PARIS – Free at least, the Champs-Elysees was awash with wild joy on Aug. 25, 1944. But deep in the heart of France the war raged on, with Frenchmen killing Frenchmen to aid a desperate Germany.
And now, 60 years later, the people who suffered most are among the staunchest supporters of a new Europe in which France and Germany are, essentially, just two members of a 25-nation super-state.
“This is the great triumph of the 21st century,” said Jean-Marie Delabre, 81. “Peace is accepting the idea that you must live with others and forge natural differences into something stronger.”
He added: “I don’t think I’d have said that a few years after the war.”
While Paris celebrated, Delabre’s Resistance unit fought on near Dijon. Captured, he was in German prison camps until armistice in May 1945.
With time, Delabre decided that since wars are much easier to start than to finish, the only answer is to avoid them.
“A united Europe is a lesson for the rest of the world,” he concluded.
War had not only pitted France against its ancient neighbor and foe, it also forced deep divisions among the French themselves. Some resisted, but many collaborated.
Jacques Delarue, now 85, heard only faint echoes of the joy in Paris from his Vichy France prison cell in Limoges.
“We all thought the war would be over after Paris, but we were wrong,” he said. “That just increased the bitterness and deepened divisions between collaborators and real Frenchmen.”
As the Allies pushed toward Paris, he said, he watched the French milice, militiamen loyal to Germany, sweep into the prison yard to deal with three captured French Resistance fighters.

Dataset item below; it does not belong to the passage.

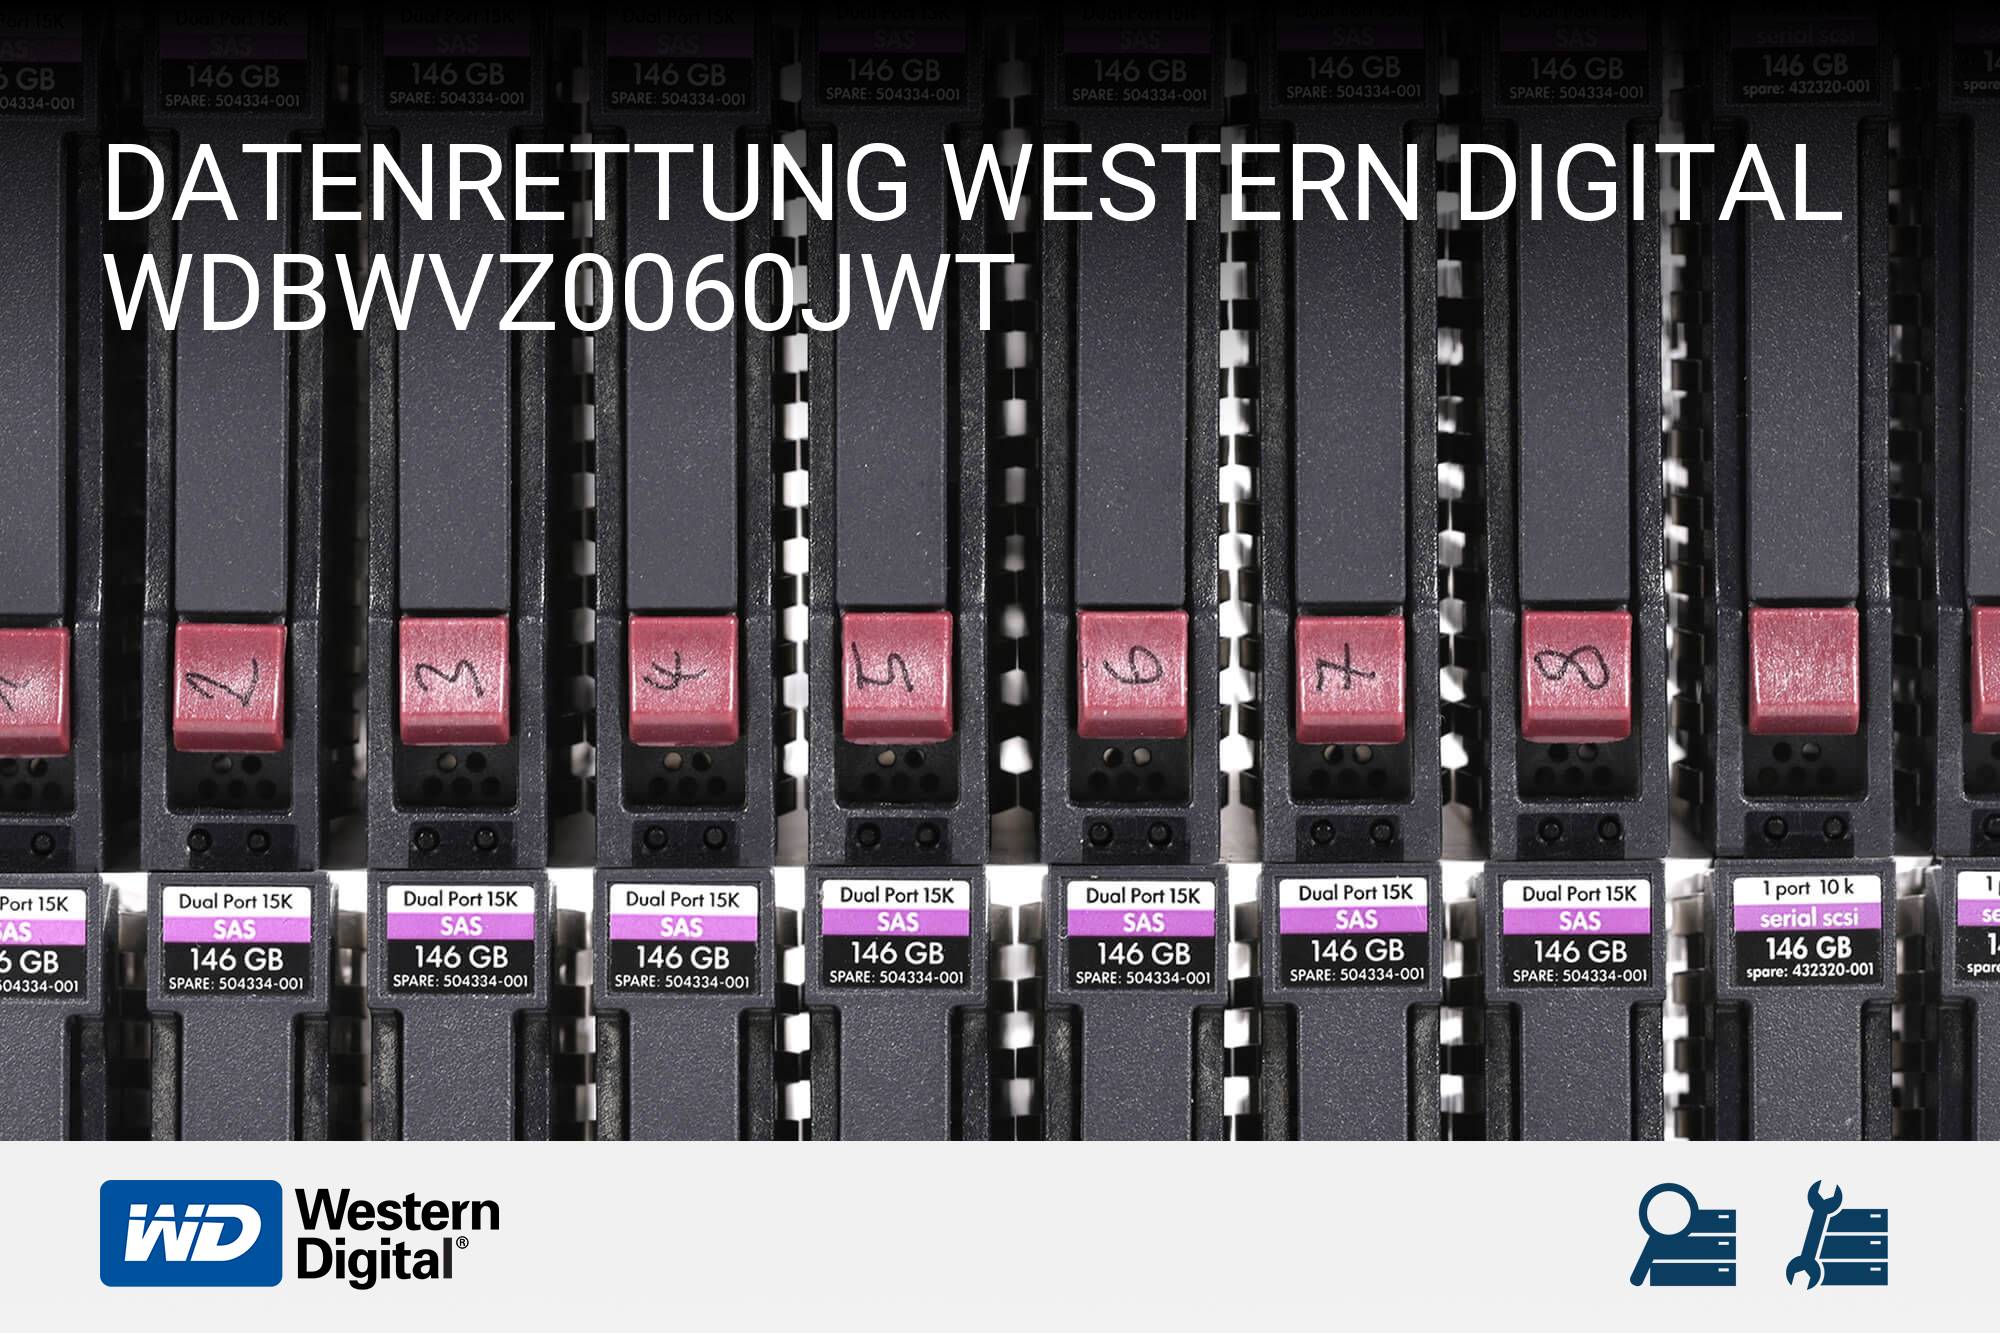 Western Digital WDBWVZ0060JWT

“I could hear it all from my cell,” he said. “The three were tried, sentenced, lined up against a wall and shot. … Such things went on all the time.”
But today, like nearly every one of dozens of veterans interviewed by The Associated Press, he lauded efforts to meld ancient foes into a modern union.
“We have to stop old stupid rivalries,” he said.
People who remember Aug. 25, 1944, are celebrating it with a bittersweet mix of emotions. For many, the horror and humiliation of occupation did not sink in until years, if not decades, later.
“When it ended, we all had more important things to worry about, like finding our family members and repairing our lives,” Delarue said. “Only later did we have the luxury of analyzing things.”